In one month last year, 100 marriages in Bridgeport, or 40% of the marriages during that period of time, were between a woman who was an American citizen and a man who was an immigrant, neither of whom lived in the state at the time, CT Insider reported. Often, couples would gather outside City Hall and be paired by people holding paperwork—the people suspected of arranging these marriages—before walking in together, presumably to get married. Town officials and immigration officers suspect that these might be sham marriages.
Police and immigration officers are also investigating a string of potential sham marriages in Waterbury, New Haven, and Southington, CT Insider reported. Sometimes this arrangement can be dangerous. Two women in Southington reported to the police that they were physically threatened when they tried to pull out of a sham marriage.
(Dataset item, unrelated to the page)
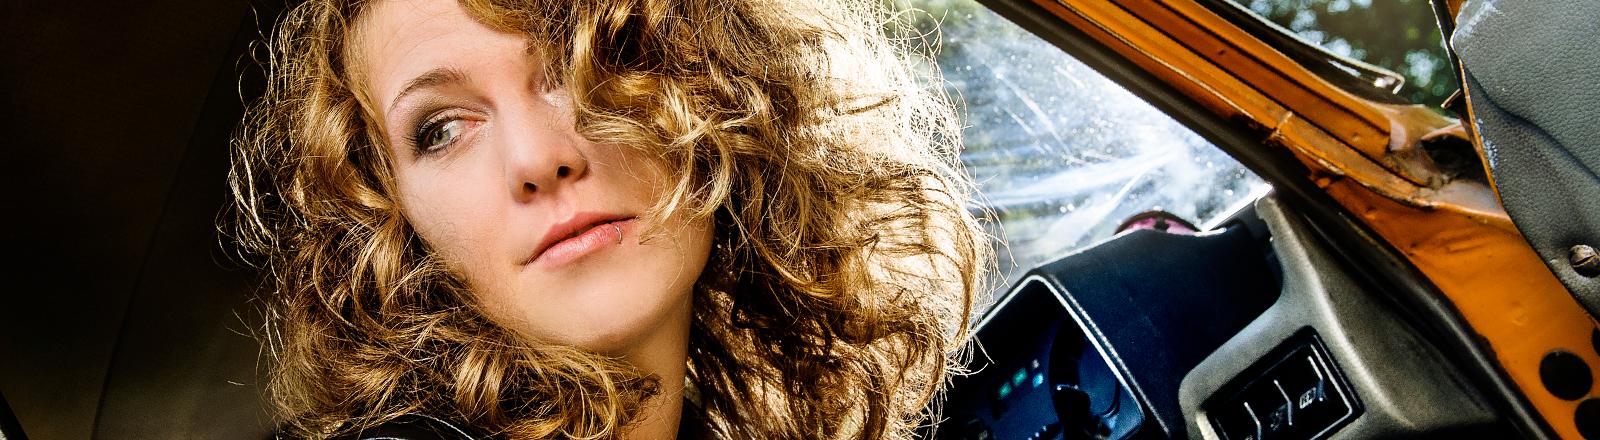 Eine Frau sitzt in einem etwas älteren Auto und guckt halt so rum.
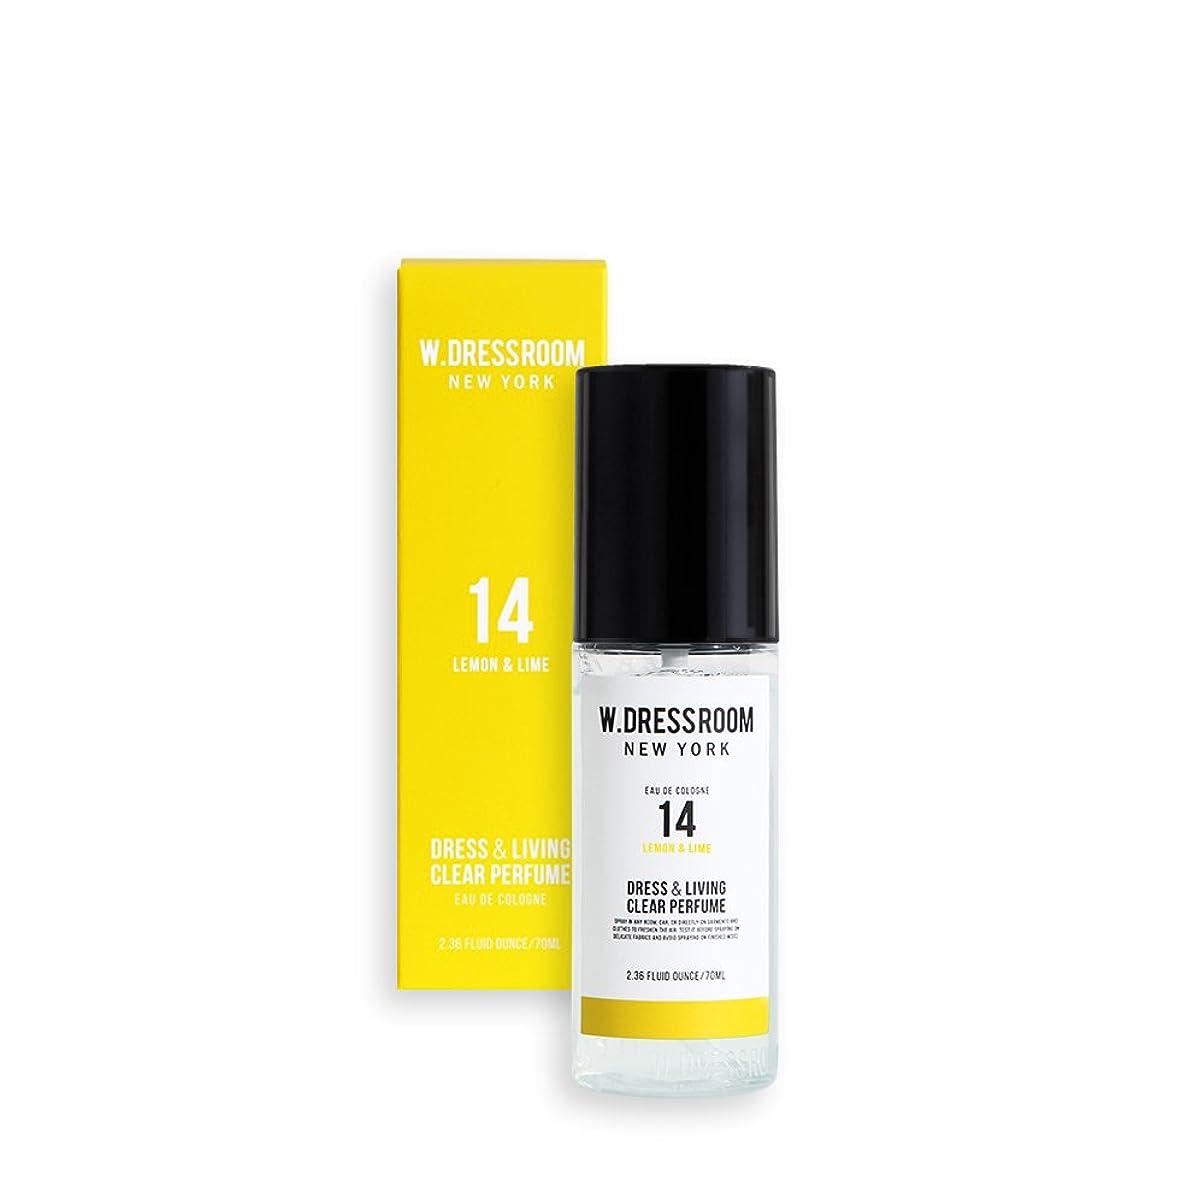 エントリボウルダウンタウンW.DRESSROOM Dress & Living Clear Perfume 70ml/ダブルドレスルーム ドレス&リビング クリア パフューム 70ml (#No.14 Lemon & Lime) [並行輸入品]

CT Insider’s investigation uncovered couples primarily consisting of Indian men who were immigrants and American women. However, this issue is not confined to one national group.
Last month, the U.S. Citizenship and Immigration Service (USCIS) indicted 11 individuals for arranging sham marriages across the nation between Chinese nationals and American citizens. Some of these marriages took place in Connecticut.
This crime has been occurring for years in Connecticut.
In 2019, Jodian Stephenson—herself a Jamaican immigrant who entered a sham marriage and the operator of Stephenson Immigration and Legal Services—pleaded guilty to arranging 28 marriages in Connecticut, including her own. Then, a year after that, Stephenson’s husband, Sheldon, also pleaded guilty to helping Jodian arrange four of these marriages. In 2018, their co-conspirator, Donovan Lawrence, who operated Donovan Accounting Services, LLC, in Bridgeport, pleaded guilty for his role in arranging sham marriages. Additionally, four U.S. citizens and one noncitizen who participated in the marriages arranged by Jodian and Sheldon Stephenson, and Lawrence, also pleaded guilty to fraudulent marriages.
They would charge immigrants between $17,000 and $20,000 for these marriages, and then pay the American citizen between $2,000 and $4,000 for their participation.
The “Act Concerning Justices of the Peace” will be discussed at the Planning and Development Committee’s public hearing on March 11.